L'armée a intensifié ses opérations au sol, principalement dans l'est de Rafah, adossée à la frontière fermée avec l'Egypte, disant vouloir y réduire les derniers bataillons du Hamas. Selon l'armée, les soldats mènent des « raids ciblés contre les infrastructures terroristes, éliminent l'ennemi et localisent des ouvertures de tunnels ».

En recevant à Tel-Aviv le conseiller à la sécurité nationale de la Maison Blanche, Jake Sullivan, le ministre israélien de la Défense Yoav Gallant a insisté sur « le devoir d'Israël d'étendre l'opération terrestre à Rafah, de démanteler le Hamas et de faire revenir les otages », malgré l'opposition de nombreuses capitales et organisations à une opération majeure terrestre à Rafah.

Depuis l'ordre d'évacuation israélien de quartiers de Rafah le 6 mai, « environ la moitié de la population de Gaza » forte de 2,4 millions d'habitants, a été « forcée de fuir » à nouveau, a affirmé dimanche Philippe Lazzarini, le patron de l'Unrwa, agence de l'ONU pour les réfugiés palestiniens. « Il n'y a absolument aucun endroit sûr dans la bande de Gaza », a-t-il dit.

Avenir de Gaza

Alors qu'aucune perspective d'une fin des hostilités n'est en vue, Benyamin Netanyahou est sous pression pour préparer une stratégie pour l'avenir de Gaza.
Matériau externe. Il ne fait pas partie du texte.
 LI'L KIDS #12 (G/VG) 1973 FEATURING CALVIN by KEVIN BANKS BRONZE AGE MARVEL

Dimanche à Jérusalem, Jake Sullivan l'a appelé à accompagner les opérations militaires d'une « stratégie politique » pour l'avenir du territoire palestinien.
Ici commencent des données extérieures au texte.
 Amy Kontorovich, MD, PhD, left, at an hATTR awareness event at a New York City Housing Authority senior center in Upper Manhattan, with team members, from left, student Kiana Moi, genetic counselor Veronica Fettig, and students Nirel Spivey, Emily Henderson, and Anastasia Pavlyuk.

Benny Gantz, membre du cabinet de guerre, a lui menacé de démissionner si un « plan d'action » pour l'après-guerre à Gaza n'était pas adopté rapidement. Yoav Gallant a sommé Netanyahu de « préparer immédiatement » une « alternative gouvernementale au Hamas ».

Depuis que les soldats ont pris le 7 mai le contrôle côté palestinien du poste-frontière de Rafah avec l'Egypte, l'acheminement de l'aide humanitaire est quasiment à l'arrêt. Ce passage est crucial pour les aides dont le carburant, indispensable aux hôpitaux et à la logistique humanitaire.

Par ailleurs, dans ce contexte de guerre, le Hamas a perdu un grand allié à la cause palestinienne, le président iranien Ebrahim Raïssi, tué dans un accident d'hélicoptère dimanche en Iran.